[<prev] [next>] [<thread-prev] [thread-next>] [day] [month] [year] [list]
Message-ID: <aSLKLYuz0WA2LpFF@shell.armlinux.org.uk>
Date: Sun, 23 Nov 2025 08:47:41 +0000
From: "Russell King (Oracle)" <linux@...linux.org.uk>
To: Laurent Pinchart <laurent.pinchart@...asonboard.com>
Cc: netdev@...r.kernel.org, imx@...ts.linux.dev,
linux-arm-kernel@...ts.infradead.org,
Kieran Bingham <kieran.bingham@...asonboard.com>,
Stefan Klug <stefan.klug@...asonboard.com>,
Andrew Lunn <andrew+netdev@...n.ch>,
Clark Wang <xiaoning.wang@....com>,
"David S. Miller" <davem@...emloft.net>,
Eric Dumazet <edumazet@...gle.com>,
Fabio Estevam <festevam@...x.de>,
Fabio Estevam <festevam@...il.com>,
Francesco Dolcini <francesco.dolcini@...adex.com>,
Frank Li <Frank.Li@....com>, Heiko Schocher <hs@...x.de>,
Jakub Kicinski <kuba@...nel.org>,
Joakim Zhang <qiangqing.zhang@....com>, Joy Zou <joy.zou@....com>,
Marcel Ziswiler <marcel.ziswiler@...adex.com>,
Marco Felsch <m.felsch@...gutronix.de>,
Martyn Welch <martyn.welch@...labora.com>,
Mathieu Othacehe <othacehe@....org>,
Paolo Abeni <pabeni@...hat.com>,
Pengutronix Kernel Team <kernel@...gutronix.de>,
Richard Hu <richard.hu@...hnexion.com>,
Sascha Hauer <s.hauer@...gutronix.de>,
Shawn Guo <shawnguo@...nel.org>,
Shenwei Wang <shenwei.wang@....com>,
Stefano Radaelli <stefano.radaelli21@...il.com>,
Wei Fang <wei.fang@....com>,
Xiaoliang Yang <xiaoliang.yang_1@....com>
Subject: Re: [PATCH] net: stmmac: imx: Do not stop RX_CLK in Rx LPI state for
i.MX8MP
On Sun, Nov 23, 2025 at 02:35:18PM +0900, Laurent Pinchart wrote:
> The i.MX8MP-based Debix Model A board experiences an interrupt storm
> on the ENET_EQOS IRQ (135) when connected to an EEE-enabled peer.
>
> Setting the eee-broken-1000t DT property in the PHY node solves the
> problem, which confirms that the issue is related to EEE. Device trees
> for 8 boards in the mainline kernel, including the i.MX8MP EVK, set the
> property, which indicates the issue is likely not limited to the Debix
> board, although some of those device trees may have blindly copied the
> property from the EVK.
>
> The IRQ is documented in the reference manual as the logical OR of 4
> signals:
>
> - ENET QOS TSN LPI RX Exit Interrupt
> - ENET QOS TSN Host System Interrupt
> - ENET QOS TSN Host System RX Channel Interrupts, Logical OR of
> channels[4:0]
> - ENET QOS TSN Host System TX Channel Interrupts, Logical OR of
> channels[4:0]
>
> Debugging the issue showed no unmasked interrupt sources from the Host
> System Interrupt (GMAC_INT_STATUS), Host System RX Channel Interrupts or
> Host System TX Channel Interrupts (MTL_INT_STATUS, MTL_CHAN_INT_CTRL and
> DMA_CHAN_STATUS) that was flagged at an unexpected high rate.
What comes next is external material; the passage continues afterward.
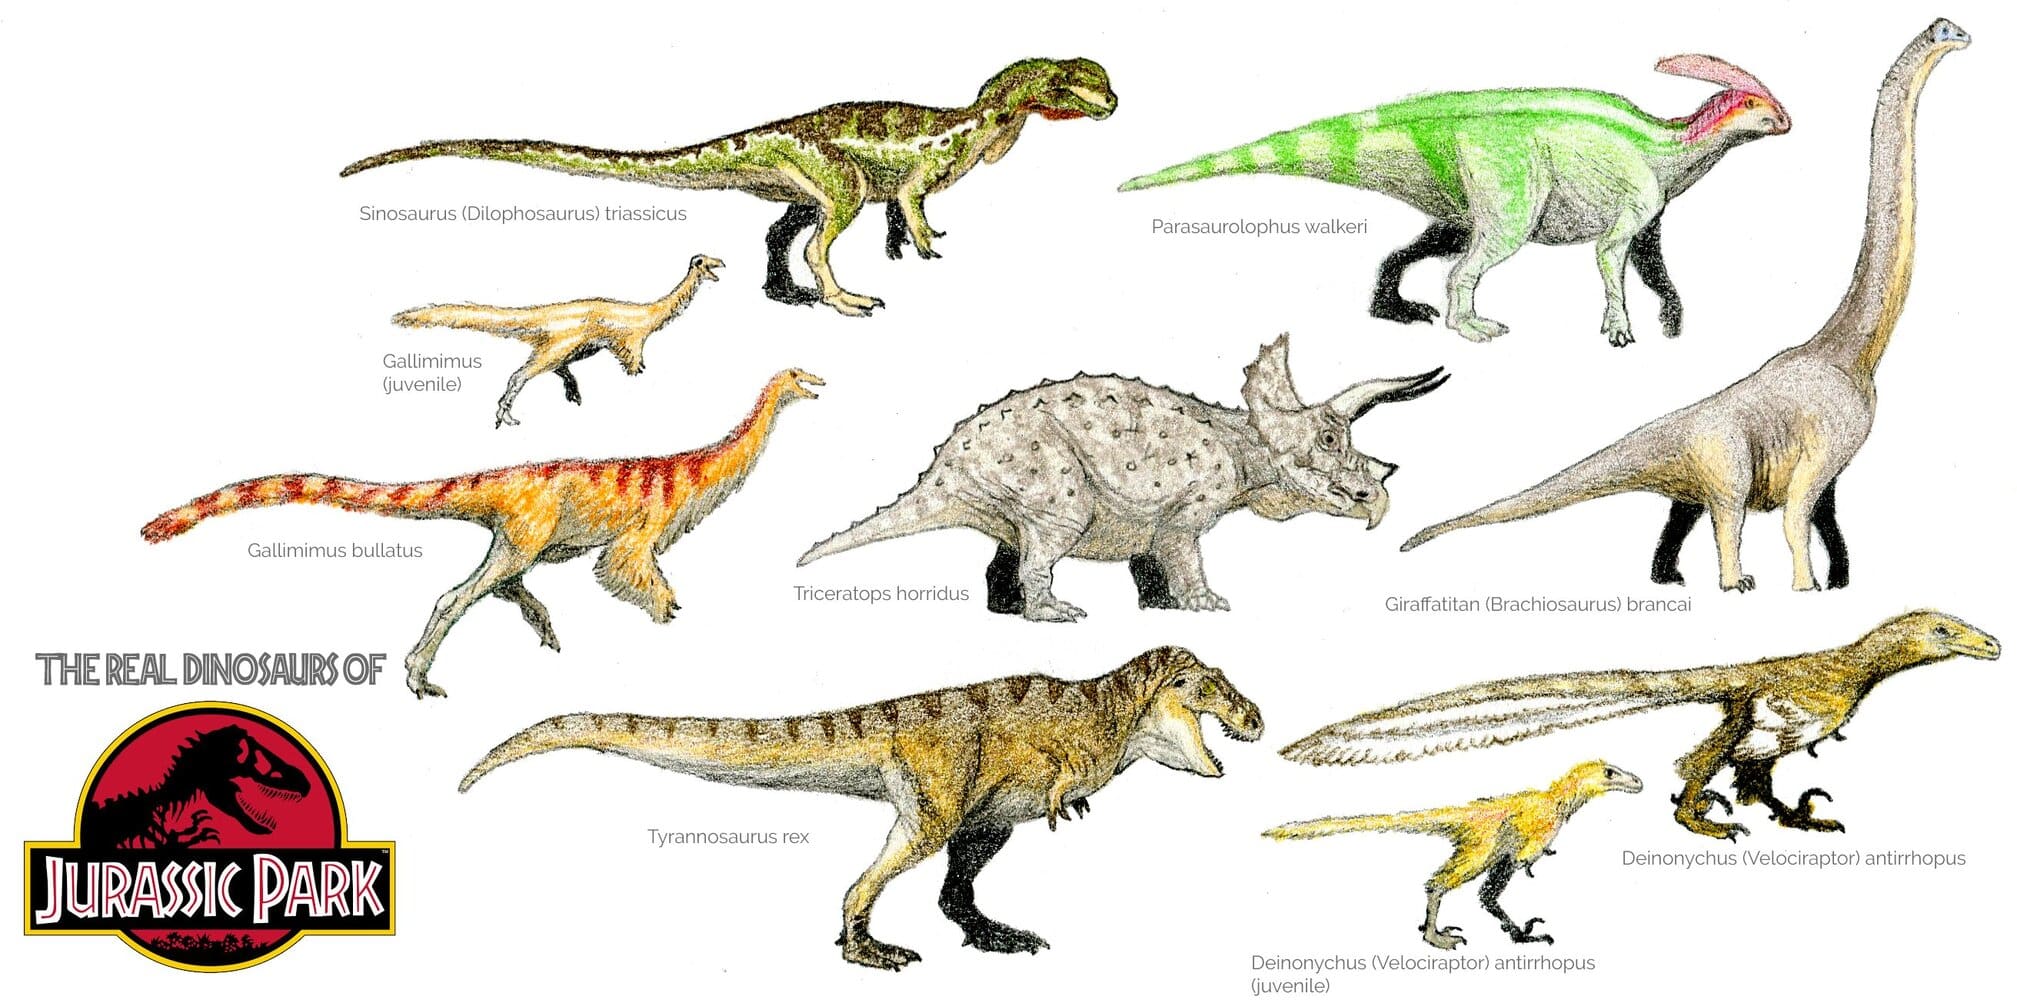 Dinosaurs of Jurassic Park

This
> leaves the LPI RX Exit Interrupt as the most likely culprit.
>
> The reference manual doesn't clearly indicate what the interrupt signal
> is, but from its name we can reasonably infer that it would be connected
> to the EQOS lpi_intr_o output. That interrupt is cleared when reading
> the LPI control/status register. However, its deassertion is synchronous
> to the RX clock domain, so it will take time to clear. It appears that
> it could even fail to clear at all, as in the following sequence of
> events:
>
> - When the PHY exits LPI mode, it restarts generating the RX clock
> (clk_rx_i input signal to the GMAC).
> - The MAC detects exit from LPI, and asserts lpi_intr_o. This triggers
> the ENET_EQOS interrupt.
> - Before the CPU has time to process the interrupt, the PHY enters LPI
> mode again, and stops generating the RX clock.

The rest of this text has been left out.